The point is that you already assume there is some set theory in play when you talk about second-order logic.

In other words, you use first-order set theory to talk about second-order "everyday theories" like the natural numbers, etc.

Different models of $\sf ZFC$ can have wildly different sets which they regard as "the true $\Bbb N$". If $M$ is a model of $\sf ZFC$, then there are $M_0$ and $M_1$ which are elementary equivalent to $M$, but $M_0$ is countable, and therefore has only countably many "natural number objects", whereas $M_1$ is such that it has uncountably many "natural number objects". Certainly these are not isomorphic, even though the models themselves pretty much agree on "how things should look like".

So yeah, what we actually have is that first-order $\sf ZFC$ proves that the second-order theories of $\Bbb N$ etc. are categorical. Or, if you will, inside a fixed universe of set theory, $\Bbb N$ has a categorical second-order theory. But moving to a different universe might produce you with different theories and different models.


To supplement Asaf's answer, let me observe that there are natural second-order theories whose categoricity is undecidable in ZFC. Specifically, let's take second-order ZFC ("ZFC$_2$") itself!

It's easy to show in ZFC that any set-sized model of ZFC$_2$ (yes, models are required to be sets already, so this is redundant; but it's worth mentioning explicitly since we do sometimes care about class-sized "models," and when working with second-order logic is often such a time) is (up to isomorphism) of the form $(V_\alpha,\in)$ for $\alpha$ a strongly inaccessible cardinal. This tells us:

  • It is consistent with ZFC that ZFC$_2$ has no (set-sized) models. This nonexistence statement is just "There is no strongly inaccessible cardinal."
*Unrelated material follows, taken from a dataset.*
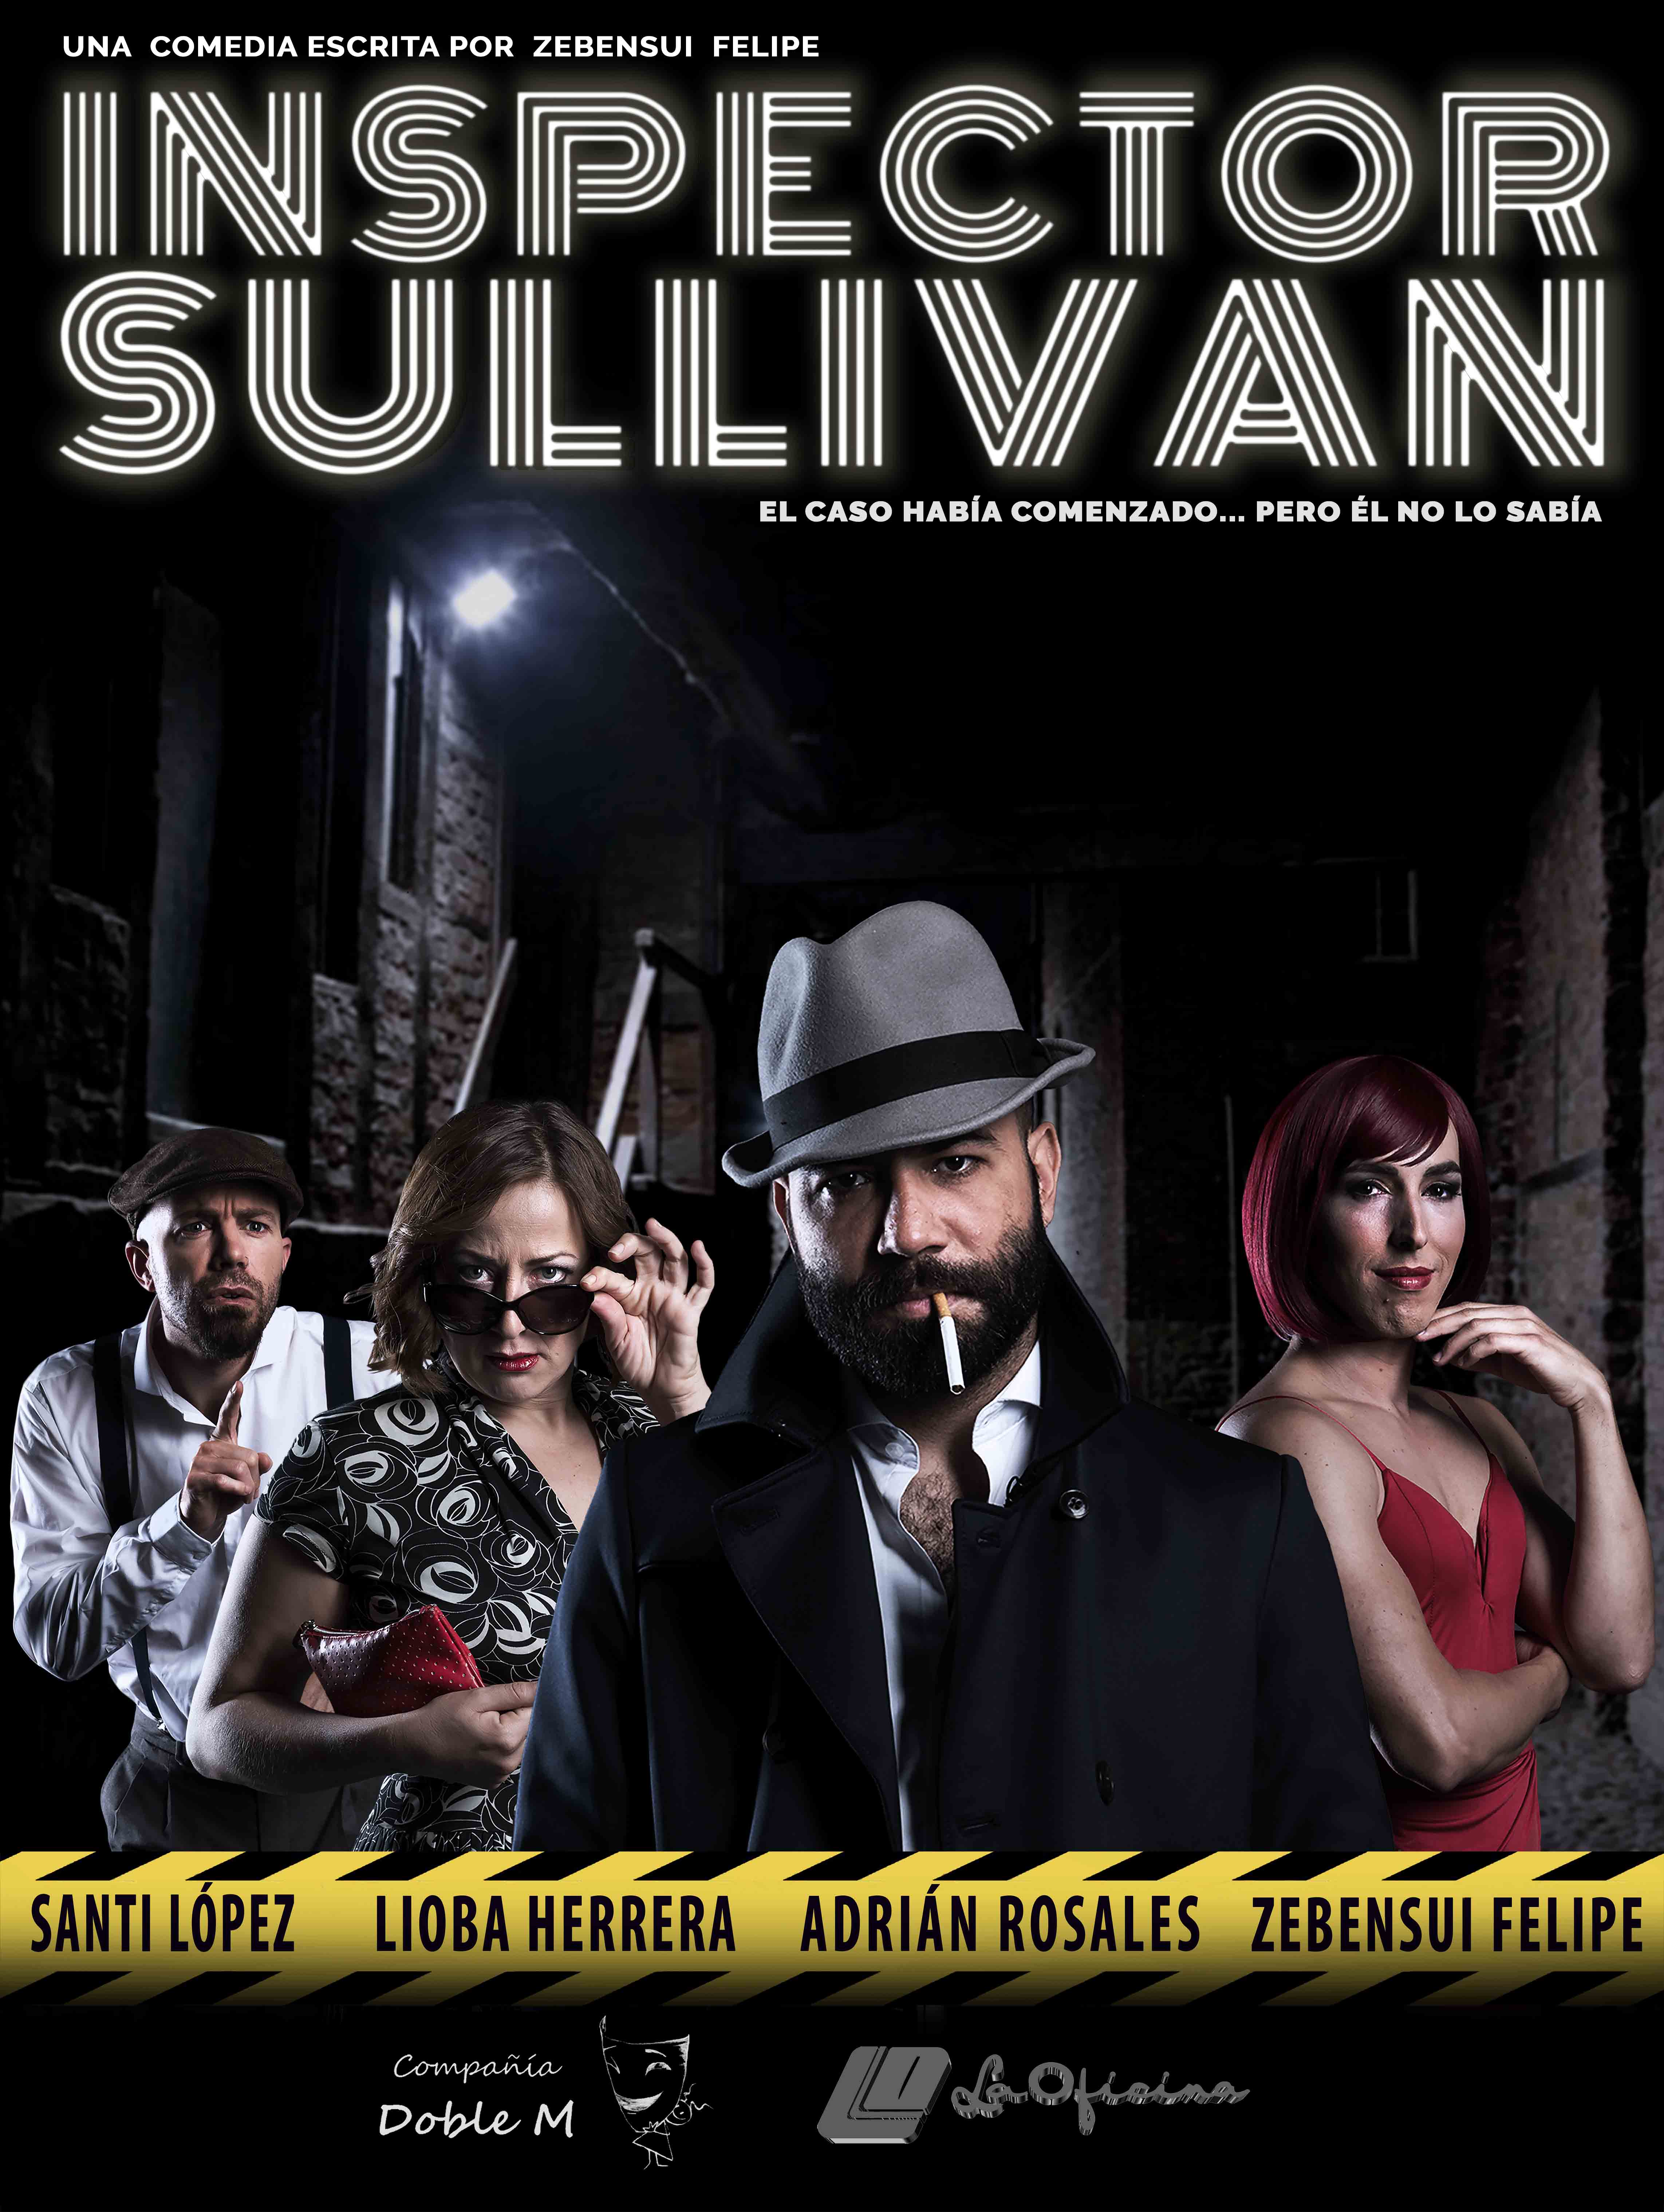 La comedia ‘Inspector Sullivan’ visita el Teatro Guimerá

  • Now make the mild (hehe) assumption that ZFC + "There is exactly one inaccessible" and ZFC + "There are two inaccessibles" are each consistent (obviously the second implies the first, so this is a bit redundant, but what the hey). Then the former proves that ZFC$_2$ has a set-sized model and is in fact categorical, while the latter proves that ZFC$_2$ is not categorical.

The moral I'm trying to get at here is that second-order categoricity (and satisfiability) claims can't be made on their own; we really need a background universe of sets. Of course, every logic has some sort of set-ish commitment, but with second-order logic the overhead is just ridiculous.